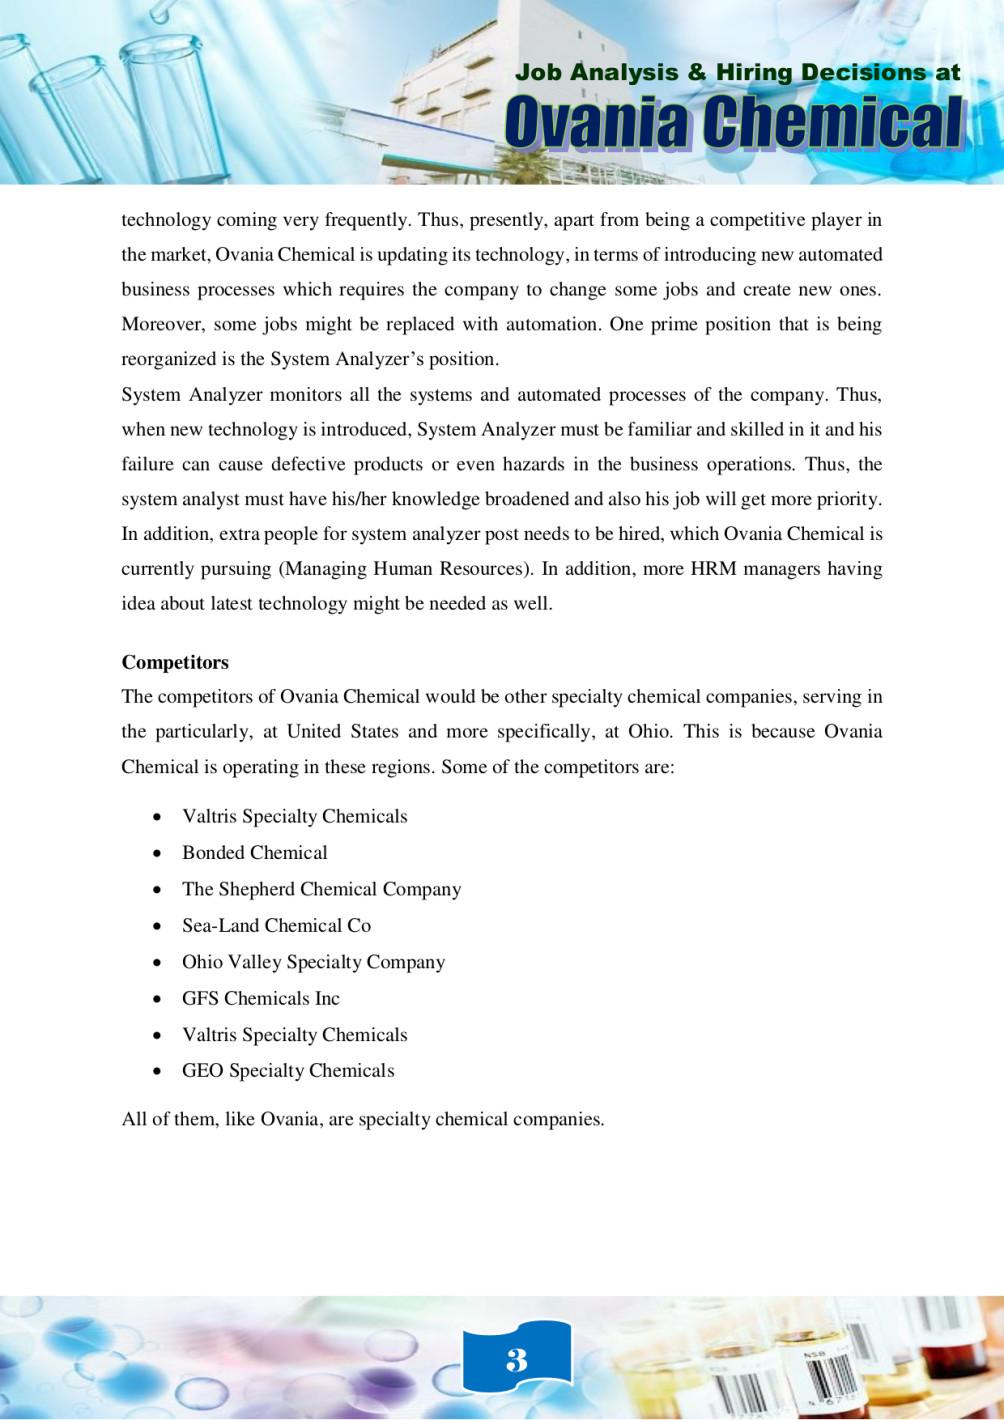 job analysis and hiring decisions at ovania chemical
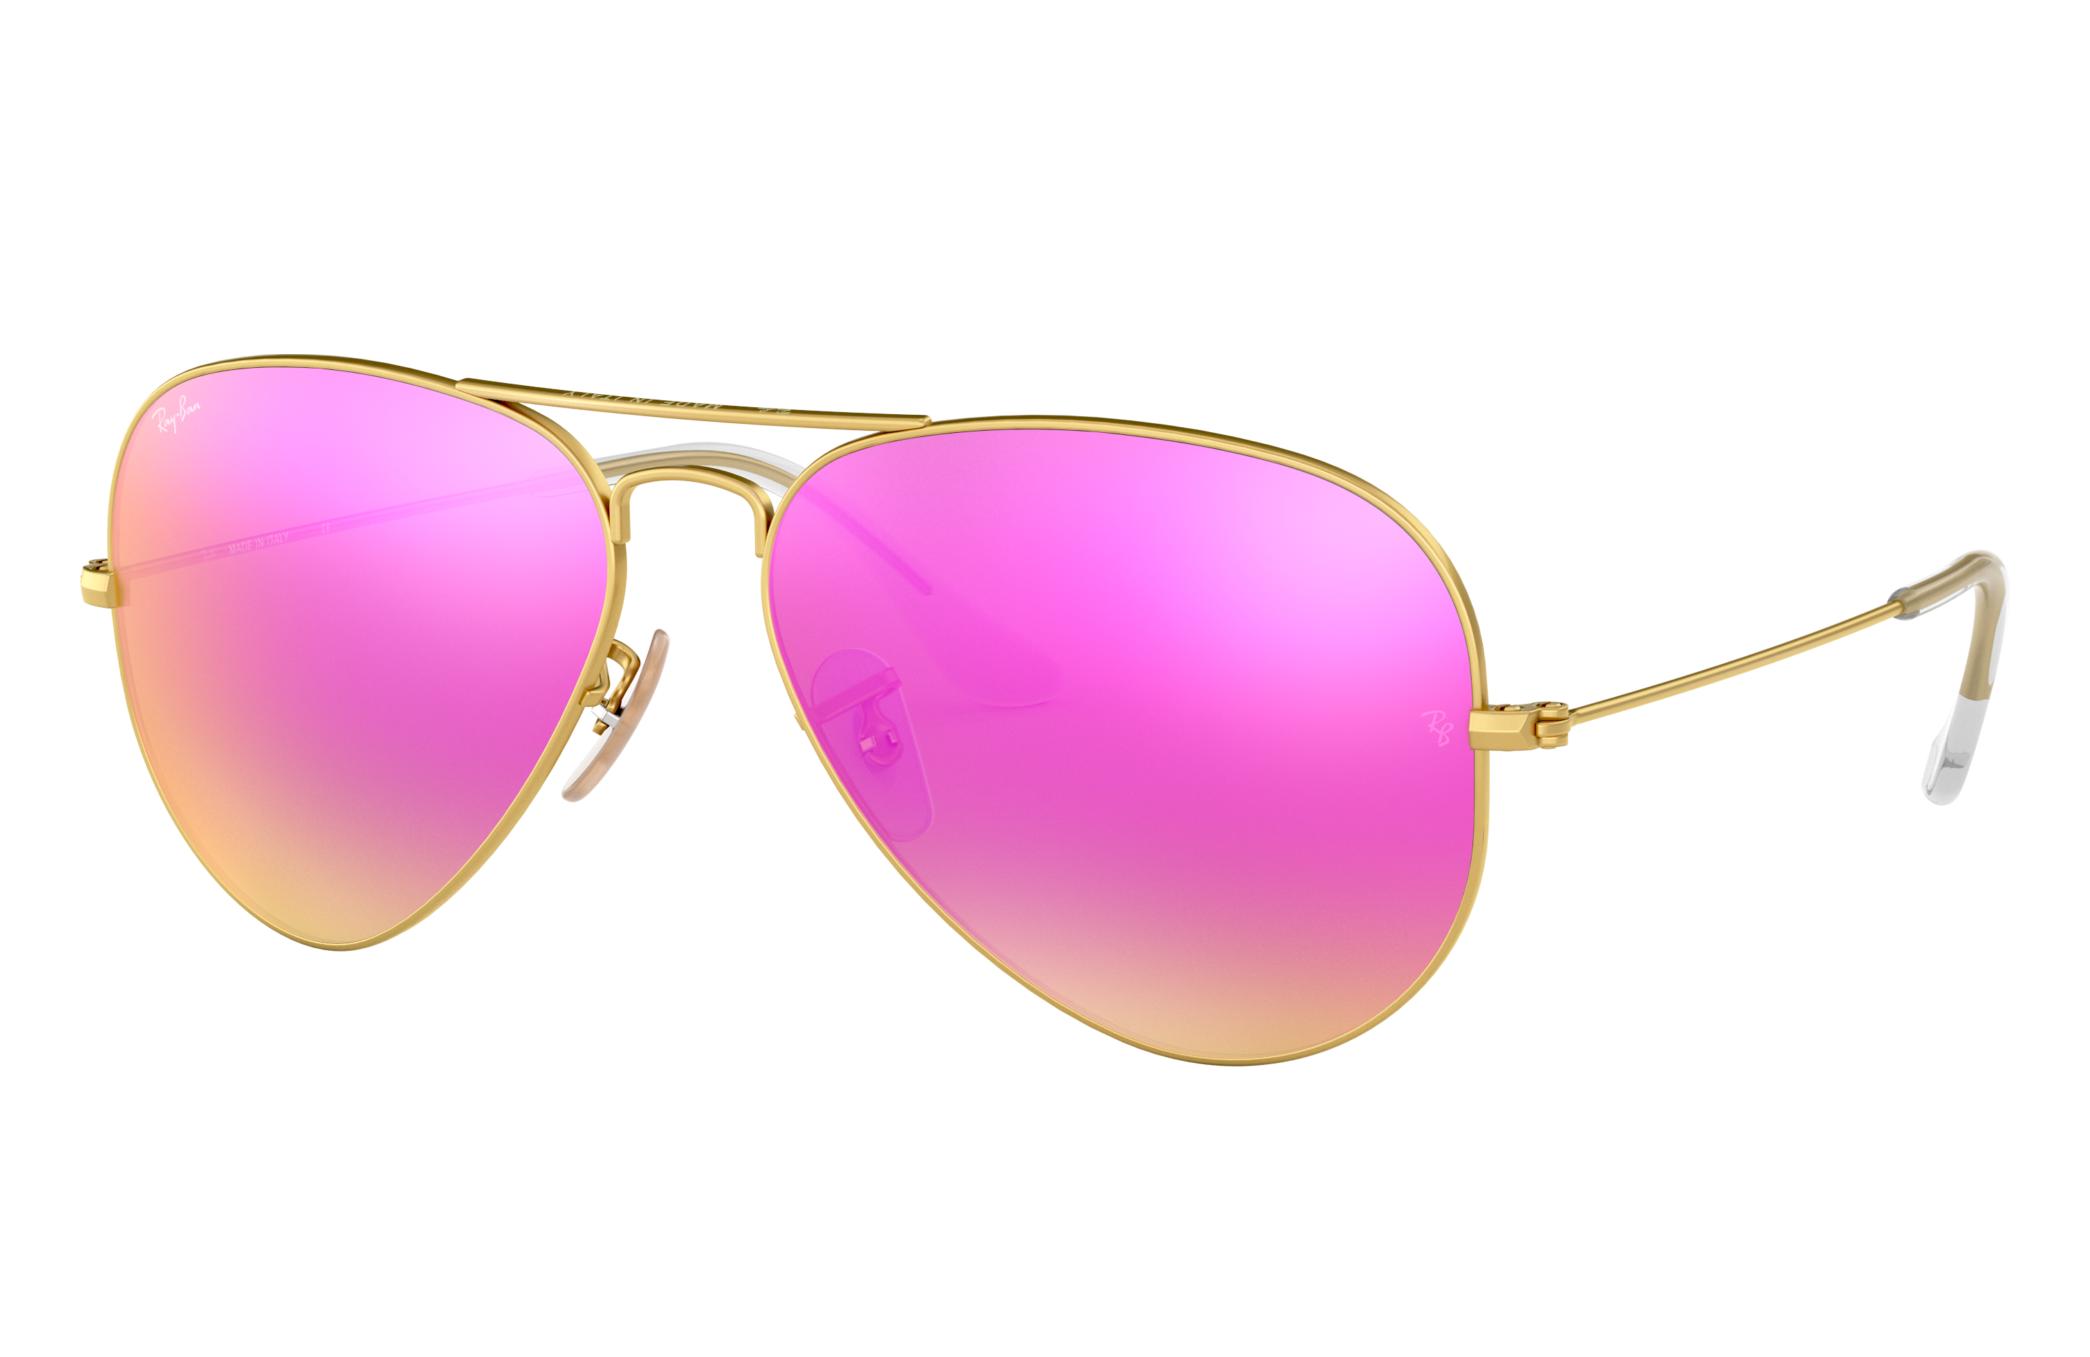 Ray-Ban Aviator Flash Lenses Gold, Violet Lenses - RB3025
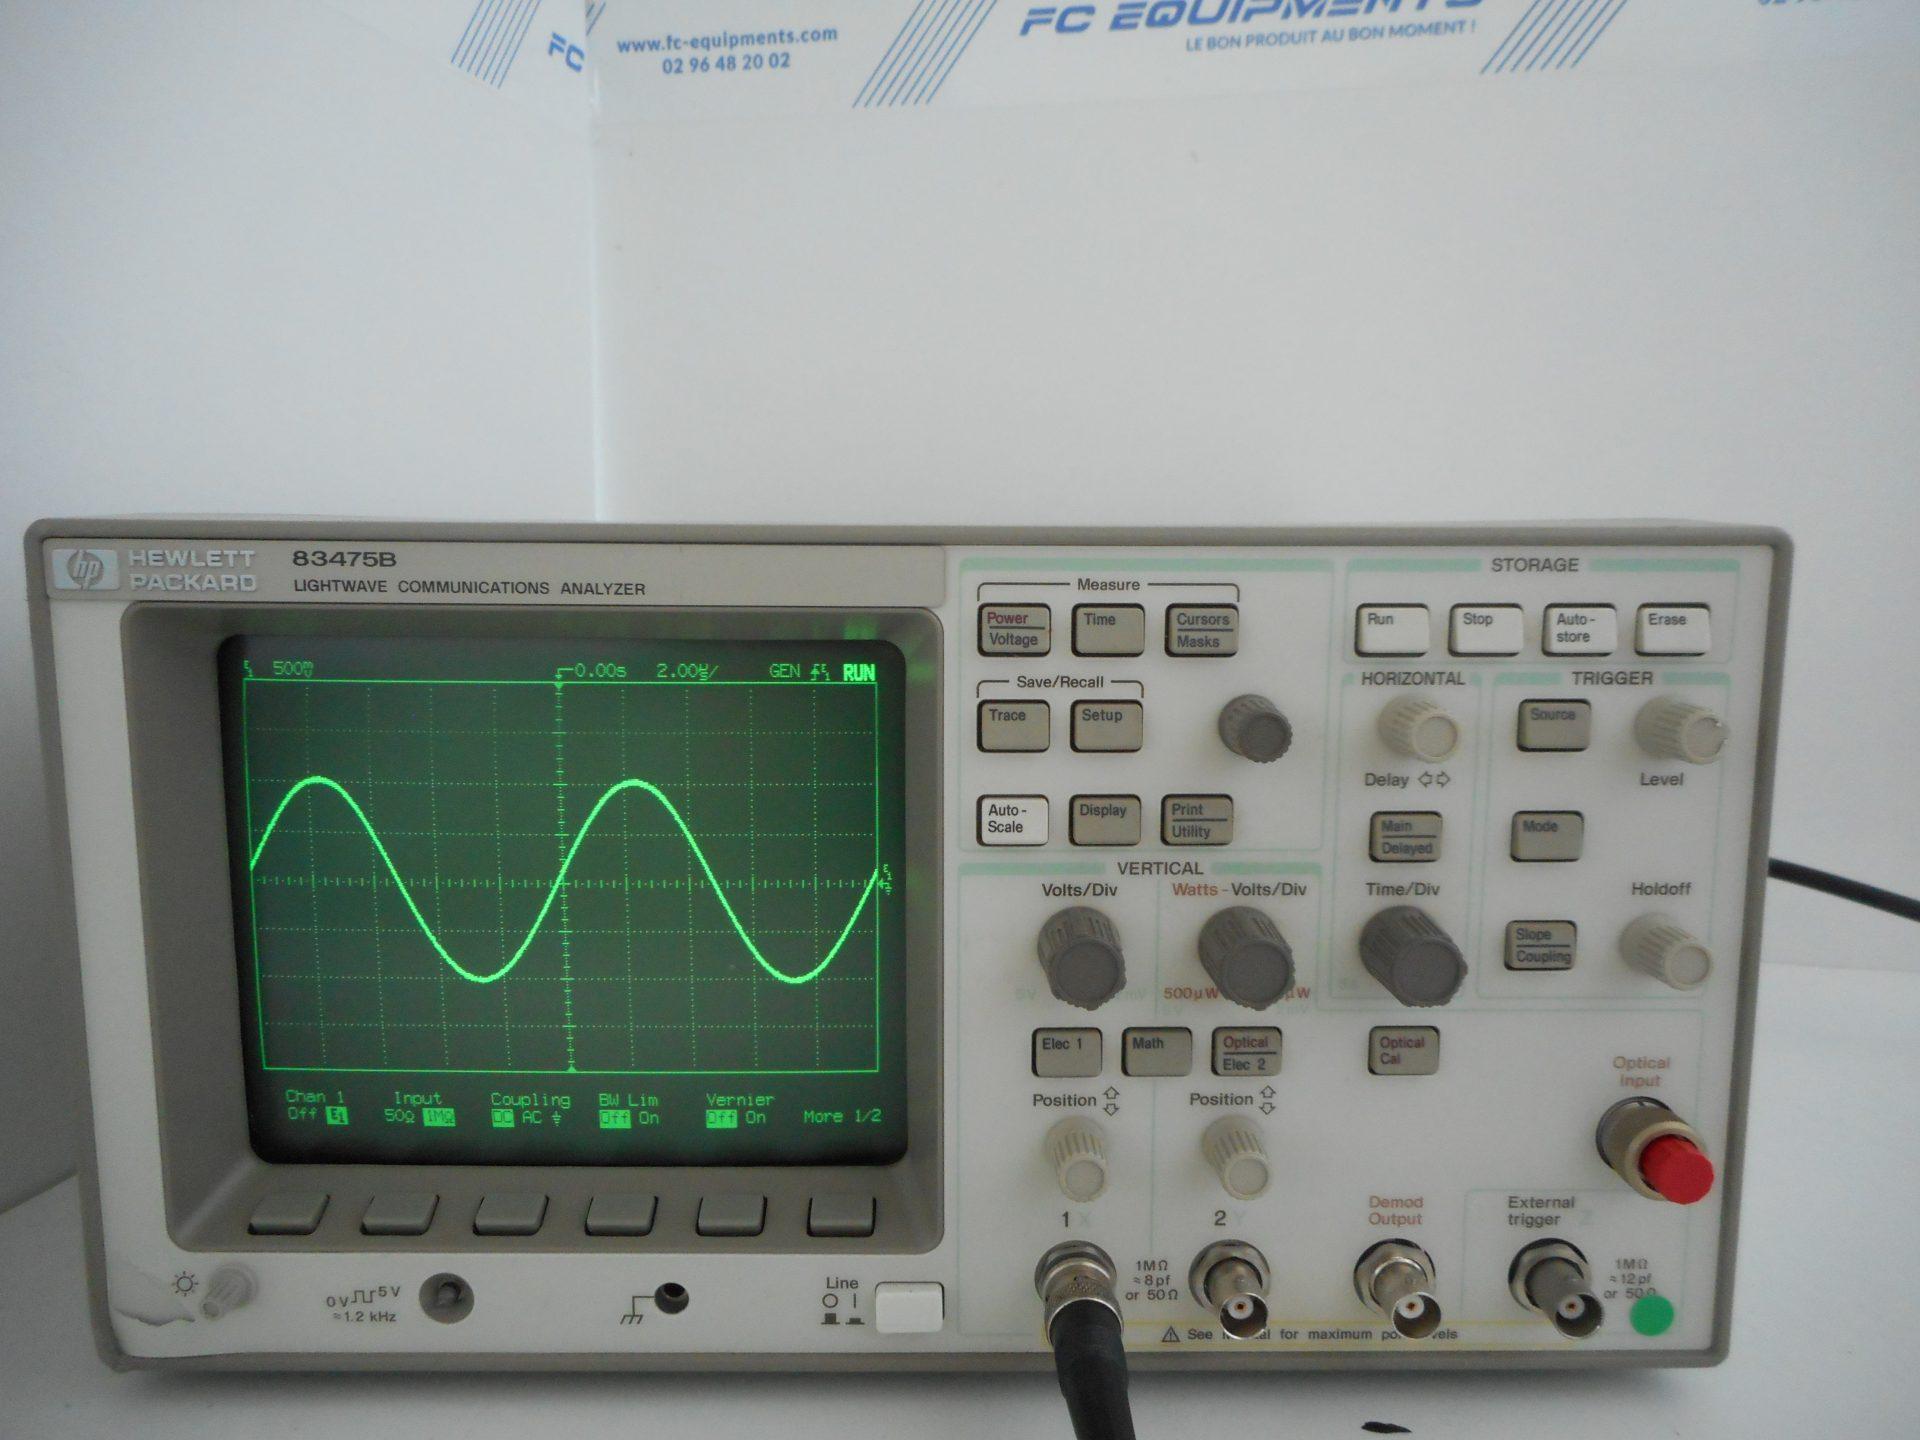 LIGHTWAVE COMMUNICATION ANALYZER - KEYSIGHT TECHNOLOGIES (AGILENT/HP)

□ □ □ □ □ □ □

Brief:
Once the pictures are set aside, repeat the data above exactly.

Response to the exercise:
 job analysis and hiring decisions at ovania chemical
 Ray-Ban Aviator Flash Lenses Gold, Violet Lenses - RB3025
 LIGHTWAVE COMMUNICATION ANALYZER - KEYSIGHT TECHNOLOGIES (AGILENT/HP)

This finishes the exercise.